Third, measurement of diagnostic uncertainty can potentially improve our understanding of the efficiency of physician resource use and value-based health care delivery. Our review has several implications for controlling rising health care costs by improving physician decision-making related to ordering of diagnostic tests and use of specialty services.103 The “stubborn quest for diagnostic certainty” could be responsible for the dramatic variations in test use by physicians seeing similar patients.11,40,50,104,105,106 Identification and measurement of diagnostic uncertainty could potentially help reduce these variations. Current guidelines helping clinicians with test-ordering decisions (e.g., Choosing Wisely Campaign) have not yet reduced testing rates.107,108,109 Although guideline awareness could be a problem, variations in the magnitude of uncertainty perceived by the clinician could also be an explanatory factor.107,108,109 Nevertheless, much work remains to be done. While these studies imply an increase in health care costs and overuse of health care resources, none have measured the actual magnitude of increase. Qualitative methods were used in most studies to identify constructs and themes related to the presence of diagnostic uncertainty (e.g., “increase in resource use” and “increase in health care costs”).9,10,11,12,13,14,15 In addition, the effects of diagnostic uncertainty and delayed diagnosis in relation to morbidity, mortality and quality of life have been suggested, but not measured.16 Lack of a reliable definition of diagnostic uncertainty and valid measurement methods have made it difficult to calculate such estimates. Advances in measurement techniques would provide some numbers to reflect the magnitude of the problem.

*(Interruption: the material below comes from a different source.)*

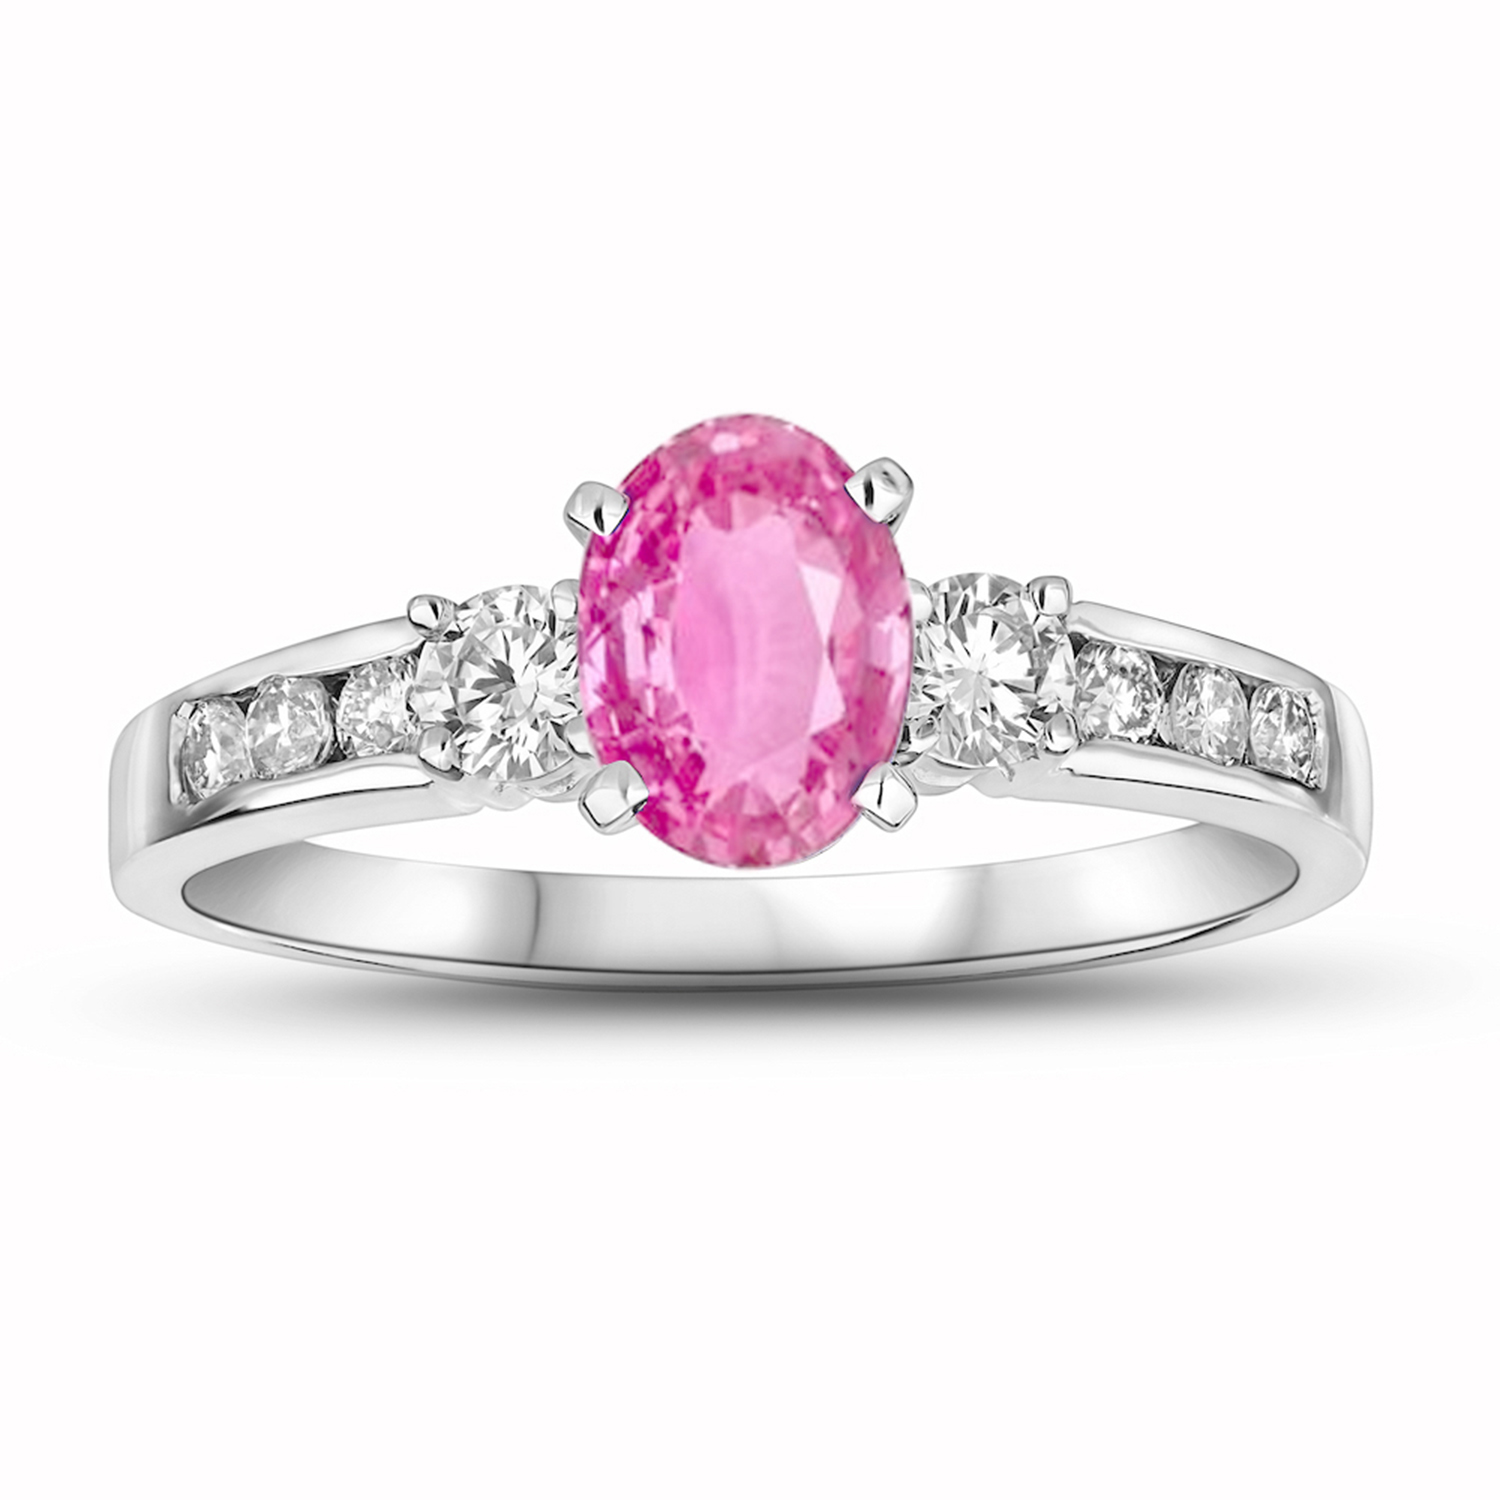 View 0.40ctw DIamond and Pink Sapphire Engagement Ring in 14k Gold
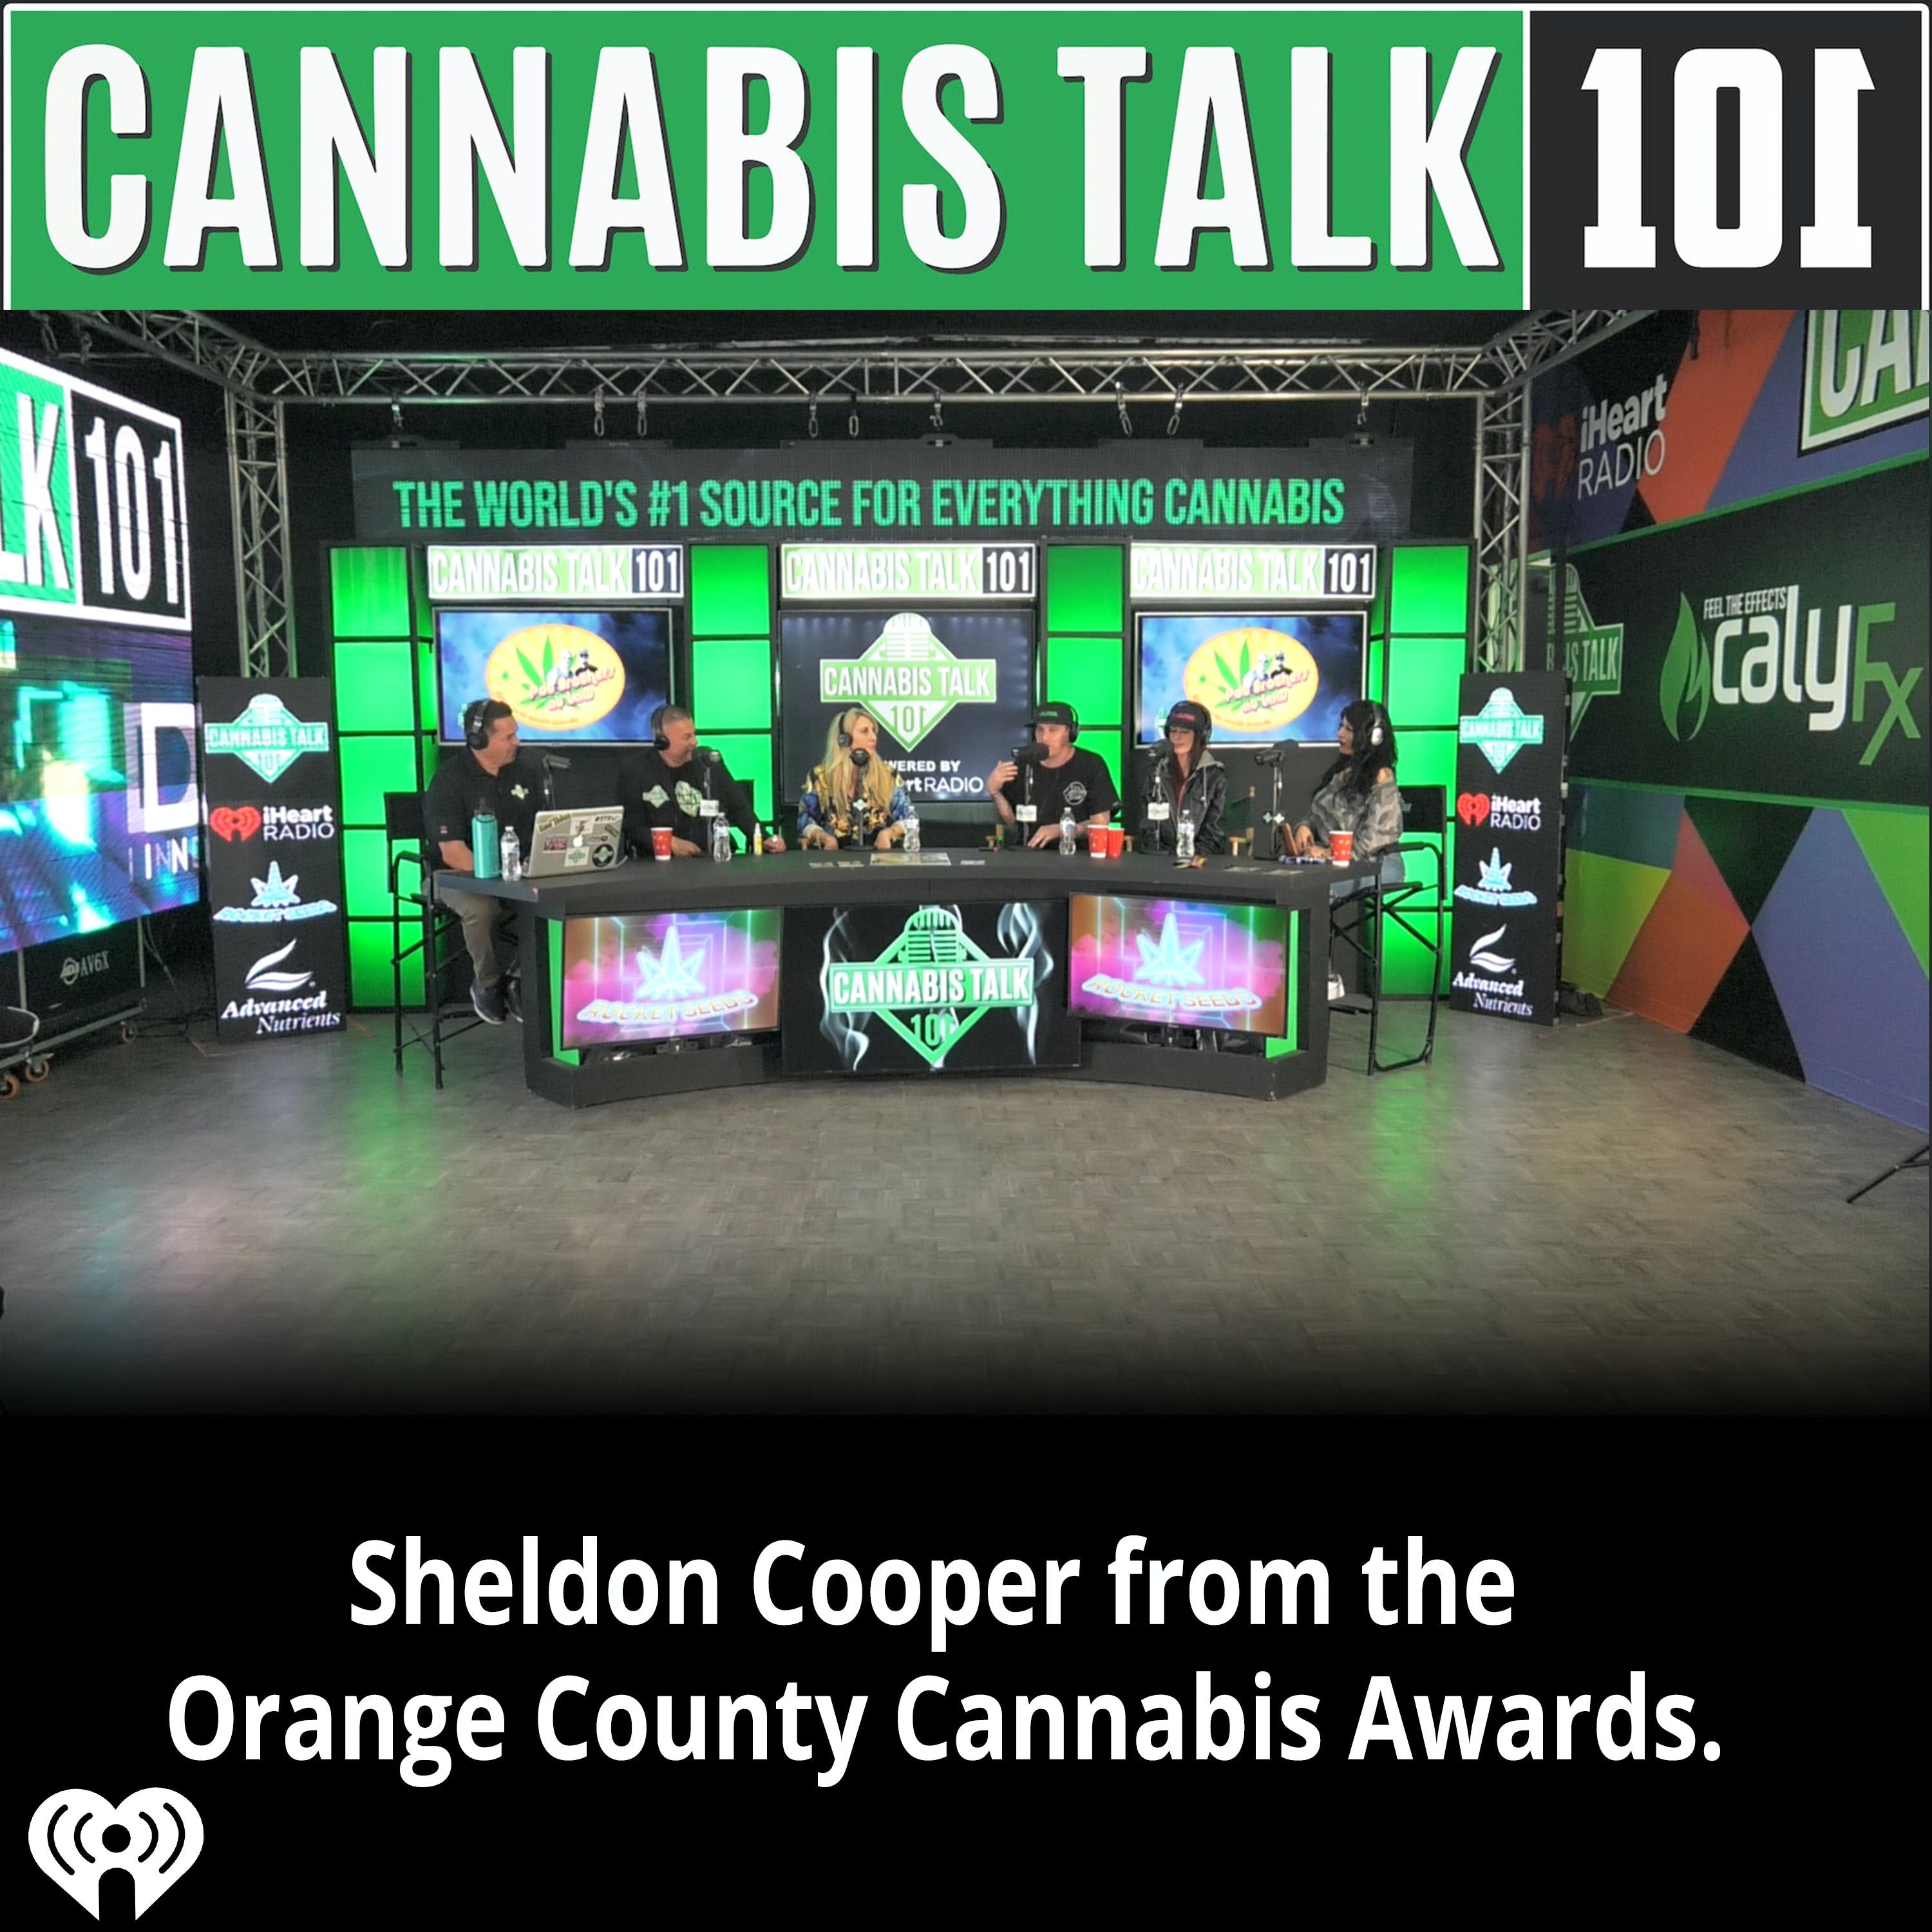 Sheldon Cooper from the Orange County Cannabis Awards.

Acknowledging diagnostic uncertainty while using these guidelines could also help clinicians deviate from guidelines in uncertain cases and justify the use (or non-use) of clinical resources (i.e., diagnostic tests, referrals, admissions or surgeries). For instance, the American College of Physicians recommends against imaging for nonspecific low-back pain in the absence of red flags.110 However, in the presence of diagnostic uncertainty (e.g., subjective fever and weight loss reported, but none measured objectively in clinic), it might be prudent to obtain imaging. Therefore, measuring uncertainty is essential for achieving an optimal “midpoint of the pendulum” between over-testing and under-diagnosis and in designing more clinically meaningful measures of value in care delivery.111


Our review has some limitations. We limited our key-word search strategy to two commonly used databases—Ovid Medline and PsycInfo—and only included articles in English, due to logistical limitations. We also limited the review to defining diagnostic uncertainty for the purpose of measurement in medical practice. As a result, we might have missed articles in which alternative means or methods were used to describe diagnostic uncertainty. However, we used a broad primary search strategy along with secondary search strategies to help capture key decision-making literature. We were also limited in our ability to assess the quality of each study. As with other reviews, the possibility of selective reporting and publication bias cannot be excluded.


Diagnostic uncertainty, while prevalent, has not been comprehensively evaluated in current literature and medical practice. Although various methods have been used to study diagnostic uncertainty in clinical practice, evidence is limited as to which of these is the most useful or relevant, and no comprehensive measurement framework exists. On the basis of this review, we propose that diagnostic uncertainty be defined as “subjective perception of an inability to provide an accurate explanation of the patient’s health problem.” As next steps, we need to adopt a uniform definition of diagnostic uncertainty and work toward methodological advances in measuring diagnostic uncertainty in medical practice. The scientific foundation created in this review can inform future interventions aimed at improving the management of diagnostic uncertainty, thereby helping to reduce both under-diagnosis and overuse of health care resources.